Provided material

◆ ◆ ◆ ◆ ◆

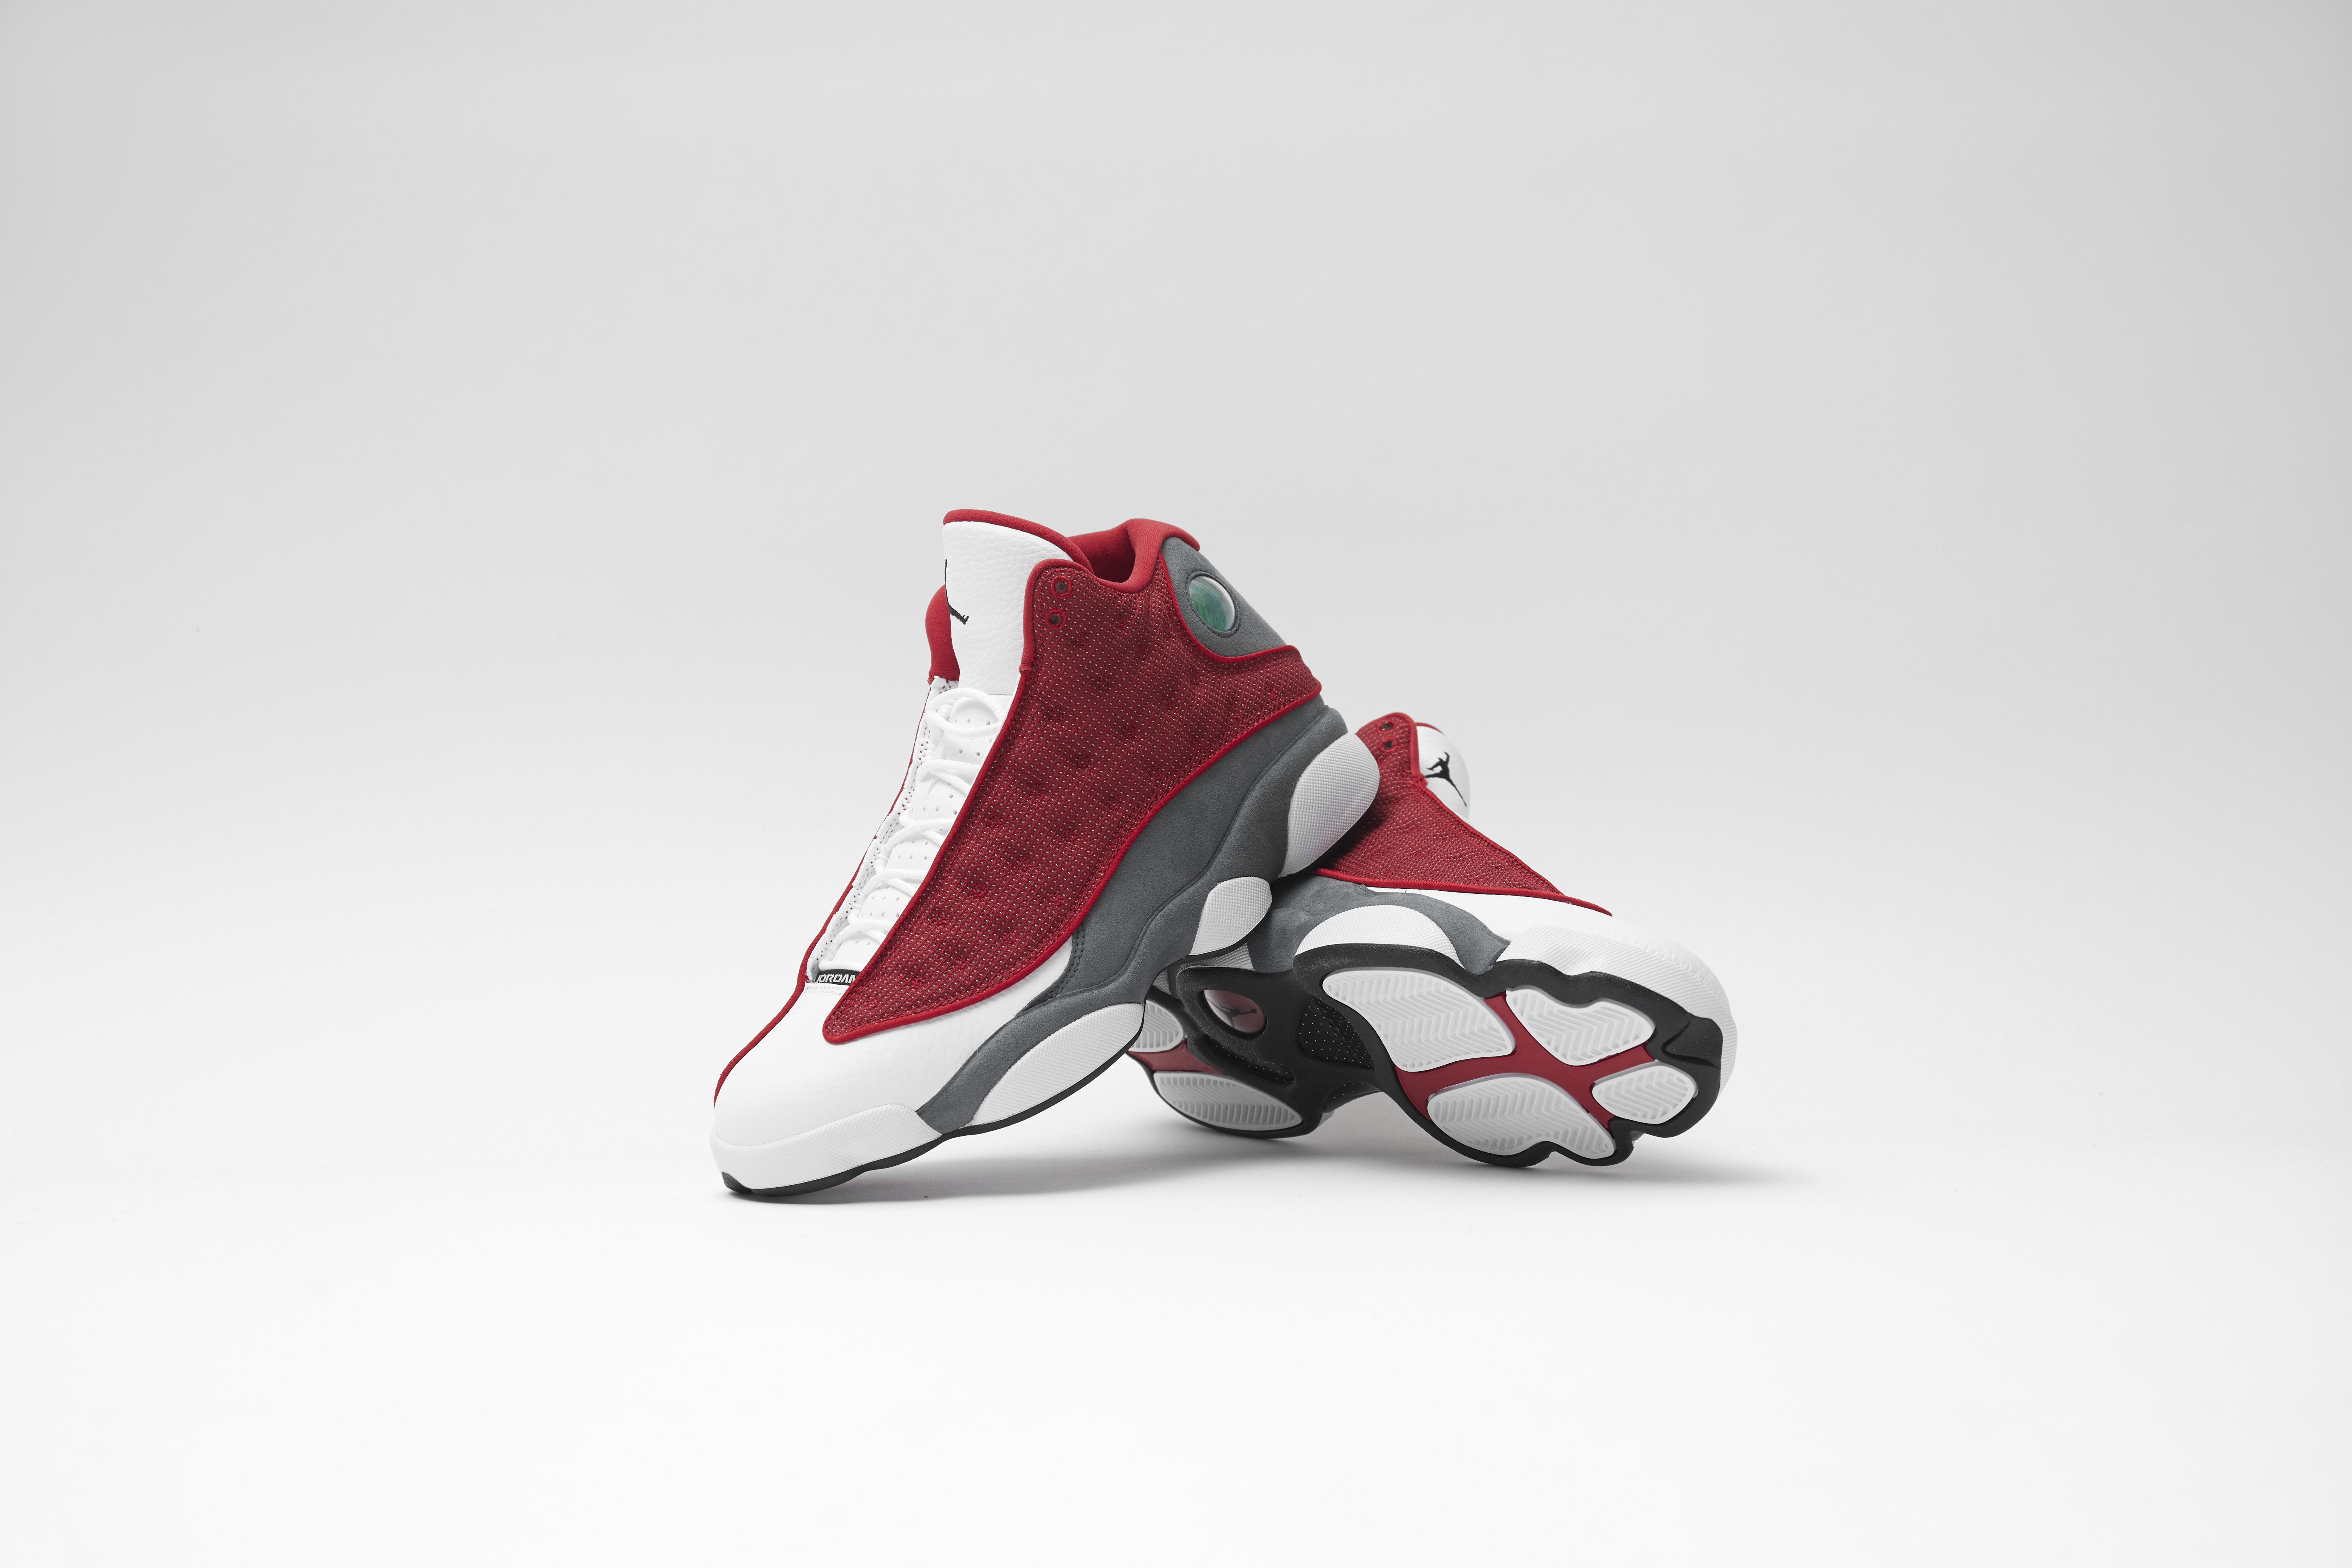 Take a look at the Air Jordan Retro 13 'Red Flint'
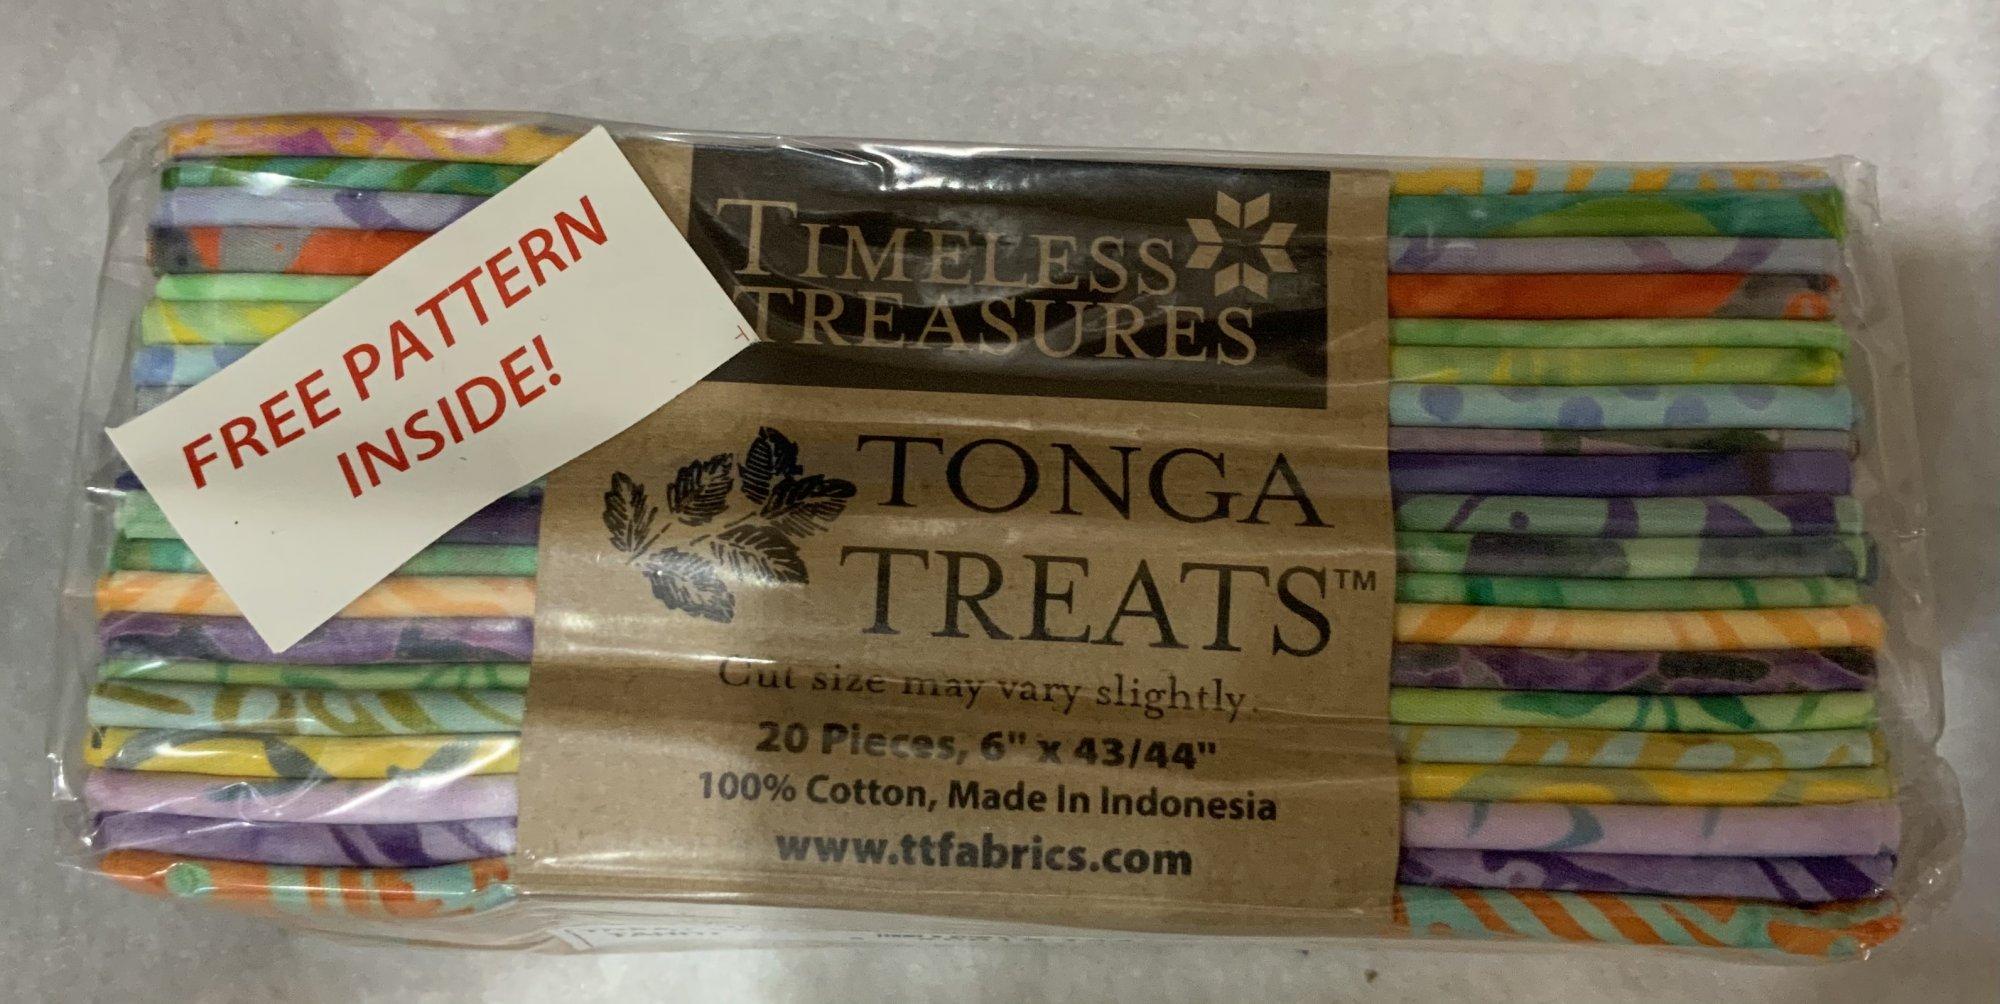 Tonga Treat 6 Pack Tahiti (20 Pieces, 6 inch x 44 inch) - Timeless Treasures Fabric
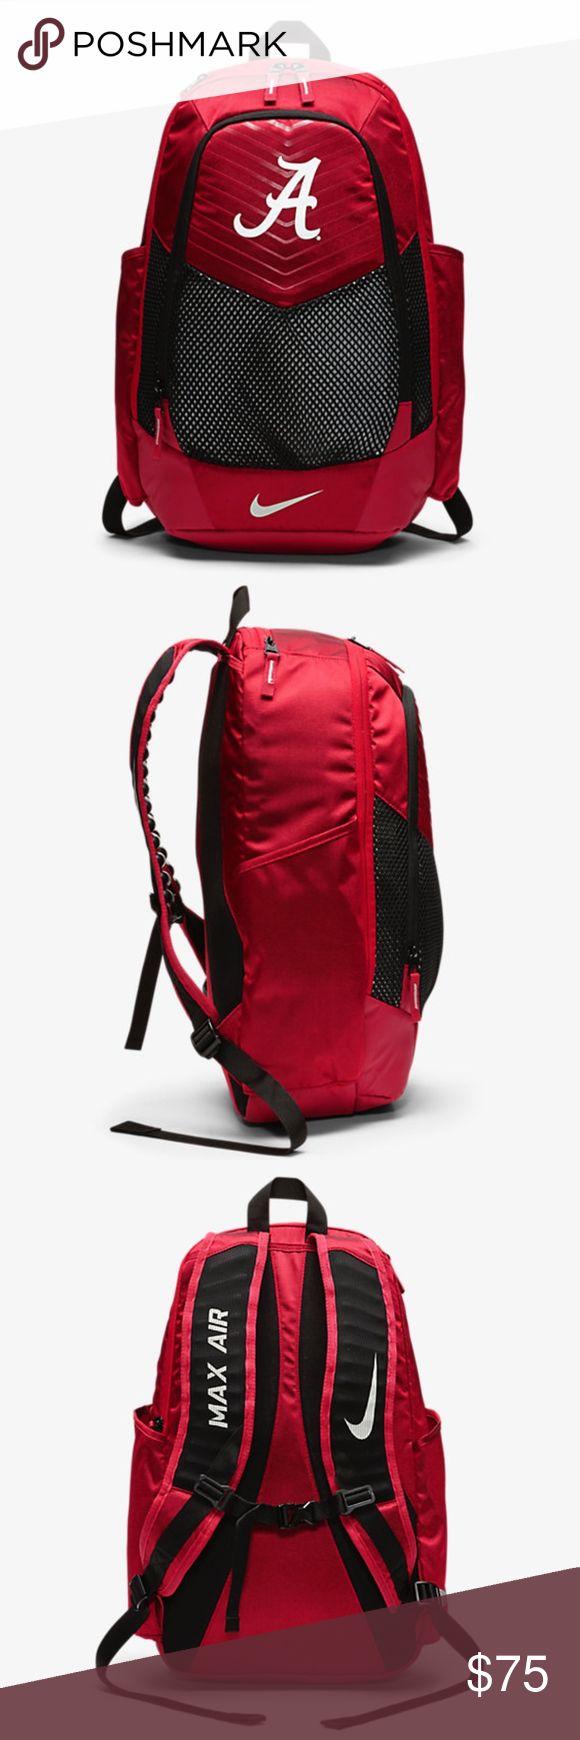 c0aeb4500b8 ALABAMA CRIMSON TIDE - Nike VAPOR POWER Backpack NWT ... NIKE Max Air ...

◆ ◆ ◆ ◆ ◆

Work order
Return the full set of lines above word for word and with no pictures.

Answer to this task
 Take a look at the Air Jordan Retro 13 'Red Flint'
 Tonga Treat 6 Pack Tahiti (20 Pieces, 6 inch x 44 inch) - Timeless Treasures Fabric
 c0aeb4500b8 ALABAMA CRIMSON TIDE - Nike VAPOR POWER Backpack NWT ... NIKE Max Air ...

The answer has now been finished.